Ace coding interviews with Interview AiBoxInterview AiBox guidance for Two-pointer scanning with invariant tracking
To solve the Maximum Width Ramp problem, use a two-pointer approach combined with a monotonic stack. Start by iterating through the array with a second pointer, and track potential ramp widths using a stack. Efficiently determine the maximum width with O(n) time complexity.
Problem Statement
Given an integer array nums, a ramp is defined as a pair of indices (i, j) such that i < j and nums[i] <= nums[j]. The width of the ramp is calculated as j - i. Your task is to return the maximum width of such a ramp from the array.
If no ramp exists in the array, return 0. For example, in the array nums = [6,0,8,2,1,5], the maximum width ramp is achieved between indices 1 and 5, giving a width of 4.
Examples
Example 1
Input: nums = [6,0,8,2,1,5]
Output: 4
The maximum width ramp is achieved at (i, j) = (1, 5): nums[1] = 0 and nums[5] = 5.
Example 2
Input: nums = [9,8,1,0,1,9,4,0,4,1]
Output: 7
The maximum width ramp is achieved at (i, j) = (2, 9): nums[2] = 1 and nums[9] = 1.
Constraints
- 2 <= nums.length <= 5 * 104
- 0 <= nums[i] <= 5 * 104
Solution Approach
Two-pointer Scanning
A two-pointer technique is used to find the maximum width ramp efficiently. First, scan the array with the second pointer starting at the end, and use the stack to store indices of elements that could form valid ramps.
Monotonic Stack for Tracking Indices
Use a monotonic stack to maintain a list of indices where elements are in non-decreasing order.

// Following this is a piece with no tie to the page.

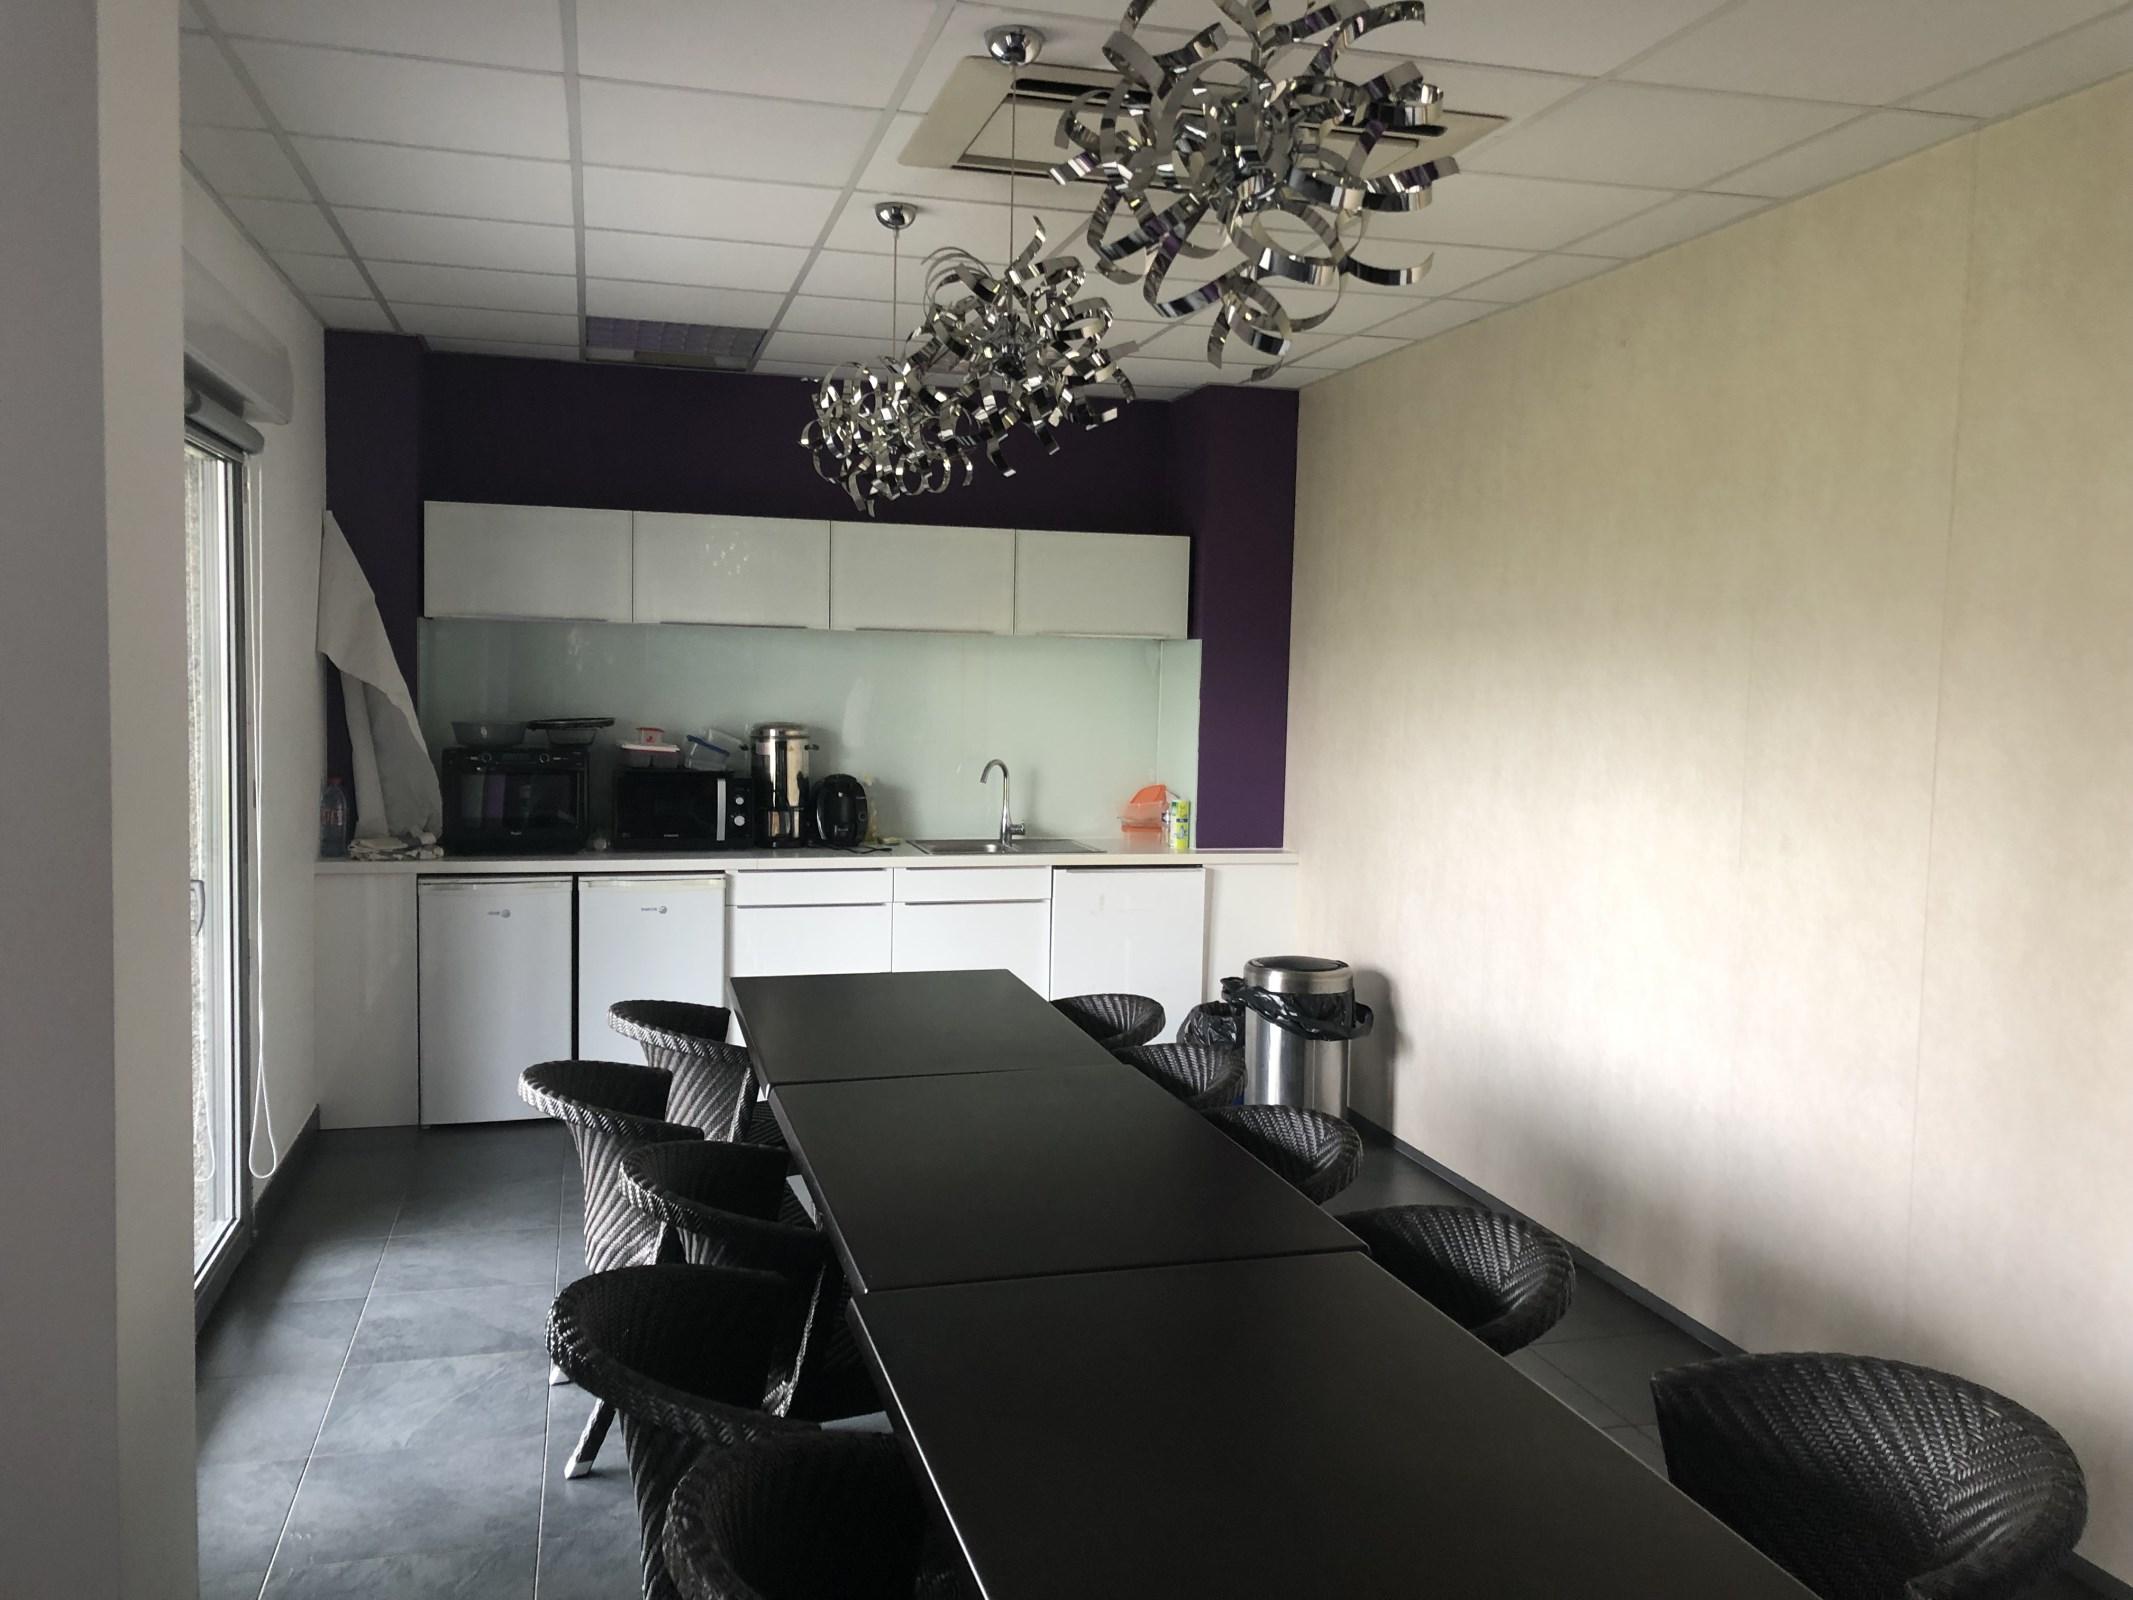 Cours De Cuisine Henin Beaumont bureaux à vendre henin beaumont (62110) surface : 820 m2 réf

This allows for efficient checking of possible ramp widths between the stack and the second pointer as you scan the array.
Maximizing the Ramp Width
For each valid pair (i, j) where nums[i] <= nums[j], calculate the width j - i. Continuously update the maximum width found while iterating through the array.
Complexity Analysis
| Metric | Value |
|---|---|
| Time | O(n) |
| Space | O(n) |
The time complexity is O(n) due to a single scan of the array using the two-pointer technique, and the space complexity is O(n) for storing indices in the stack. This ensures the algorithm scales efficiently with large inputs.
What Interviewers Usually Probe
- Candidate understands the two-pointer technique for optimizing problems like this one.
- Look for clarity in the candidate's explanation of the monotonic stack's role in solving the problem.
- Assess how well the candidate relates the problem to patterns like invariant tracking and ramp-width maximization.
Common Pitfalls or Variants
Common pitfalls
- Failing to use the monotonic stack efficiently, leading to incorrect ramp width calculations.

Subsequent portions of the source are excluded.